Baby Boomers Want To Retire – Deluge of Businesses For Sale

There are millions of entrepreneurs in America who are getting older and want to retire, but have no one to sell their businesses to. There are simply too few young entrepreneurs with the know-how, or desire, to purchase their businesses. According to the United States Census Bureau, there are an estimated 73 million Baby Boomers in the US alone, all of whom will reach the age of 65 by 2030. And amongst their assets, there are 12 million privately owned businesses.

Baby Boomers selling their small businessesThis means that every single day, there are literally thousands of new sellers going to market to try and get rid of their businesses. They’re done. They want to retire. But with an insufficient amount of buyers with the access to capital and/or the sophistication to find and close on a deal, only one in twelve or thirteen business owners are able to sell (according to Carl Allen’s estimates). For the remainder, the only other option is to shut the doors and turn out the lights.

Four Ways To Profit From This Trend

The simple fact is, more millionaires will be made via this demographic trend than by business startups (those entrepreneurs starting from scratch), or by real estate investing, crypto investing, or investing in the stock market. How exactly? You need to learn the skills of a competent dealmaker, then employ one of the following methods…

Buy A Business And Run It For Cash Flow
Buy a pre-existing businesses and operate it for it’s high-yielding cash flows.

Buy It, Grow It, Sell It
Buy a pre-existing business, make improvements (to marketing, operating procedures, etc.), grow sales, then sell it and realize capital gains on top of several years of cash flow. For example, if you buy a business for $400,000 (using seller financing), and grow the business to where its doing $500,000 in free cash flow, then you can probably sell it for at least $1,250,000 ($500,000 x 2.5 times multiple). If you had run the business for 3 years, you’ve have taken out, more or less, another $1,250,000 in earnings (earnings minus 10% payout to the seller per year). Now after you sell the business, you’re left with approximately $2,200,000 ($1.5 million capital gains + 1.5 million in earnings – $280,000 still owed to the original seller). Not bad for a 3 year investment with no money down and little risk.

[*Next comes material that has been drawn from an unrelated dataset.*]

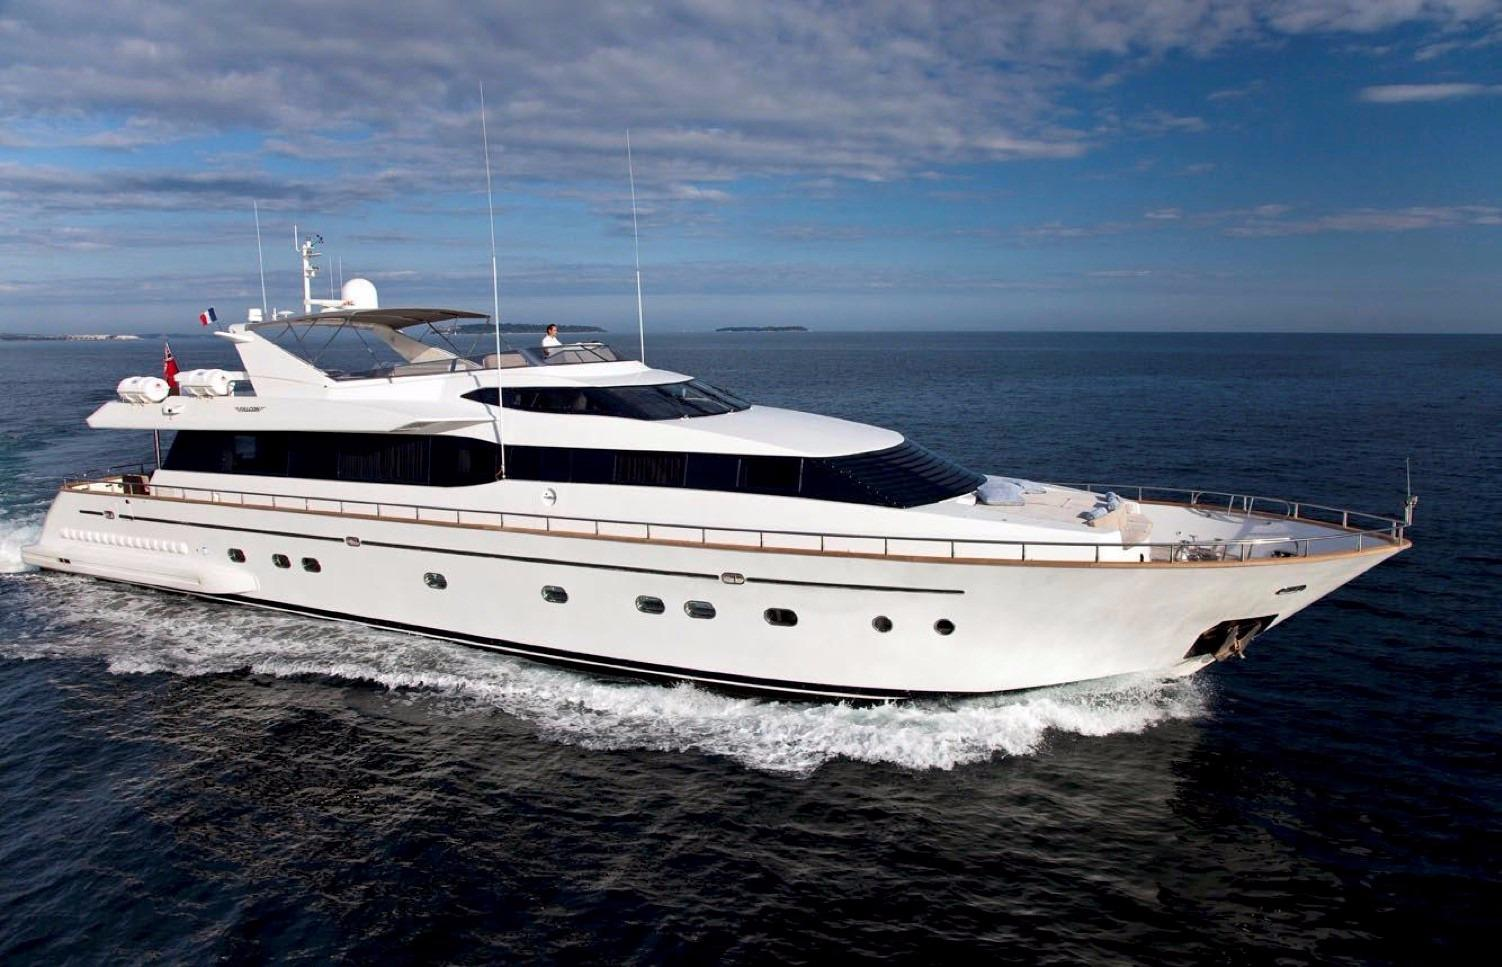 Liberte IV Yacht Charter Details, Falcon   CHARTERWORLD ...

Do A Roll-Up And Enjoy Economies Of Scale
When you buy multiple businesses in the same sector (called a roll-up), you create economies of scale that will generate cost savings. For example, if you are buying cleaning businesses, one of the biggest expenses is capital equipment. And the more equipment you buy, the less you pay per unit. So all that cost savings drops to the bottom line and your cash flow goes up even more.

Do A Roll-Up And Sell For A Higher Multiple
When you buy individual business units in the same sector, or in complementary sectors, then bundle them into one company, this will raise the multiple of the individual businesses. This is thanks to a reduction in costs through economies of scale, plus a multiplier effect in revenues when combining two synergistic companies. So the original 2.5x multiple for individual business units (for example), jumps to a 3x or 4x multiple when bundled together. And now that you are selling to “bigger fish”, you sell the lot to a new owner for the higher multiple, and pocket the difference.

Why Buy A Business? Why Not Just Start One?

Carl Allen says entrepreneur should think twice before starting a business. Instead, they should buy. When you drop yourself into a business, he argues, you are bypassing the time, money, sweat and headaches that it took the cash-flowing business to get to its current level. You are essentially leveraging someone else’s time and money.

Allen likes to explain this concept using analogies. For example: is the only way to make money in real estate to buy the land, put in the utilities, pour the foundation, build the building? Of course not. Most people buy a preexisting building, then either renovate it, change the use, manage it better, market it better, and increase the value. The same is true for businesses.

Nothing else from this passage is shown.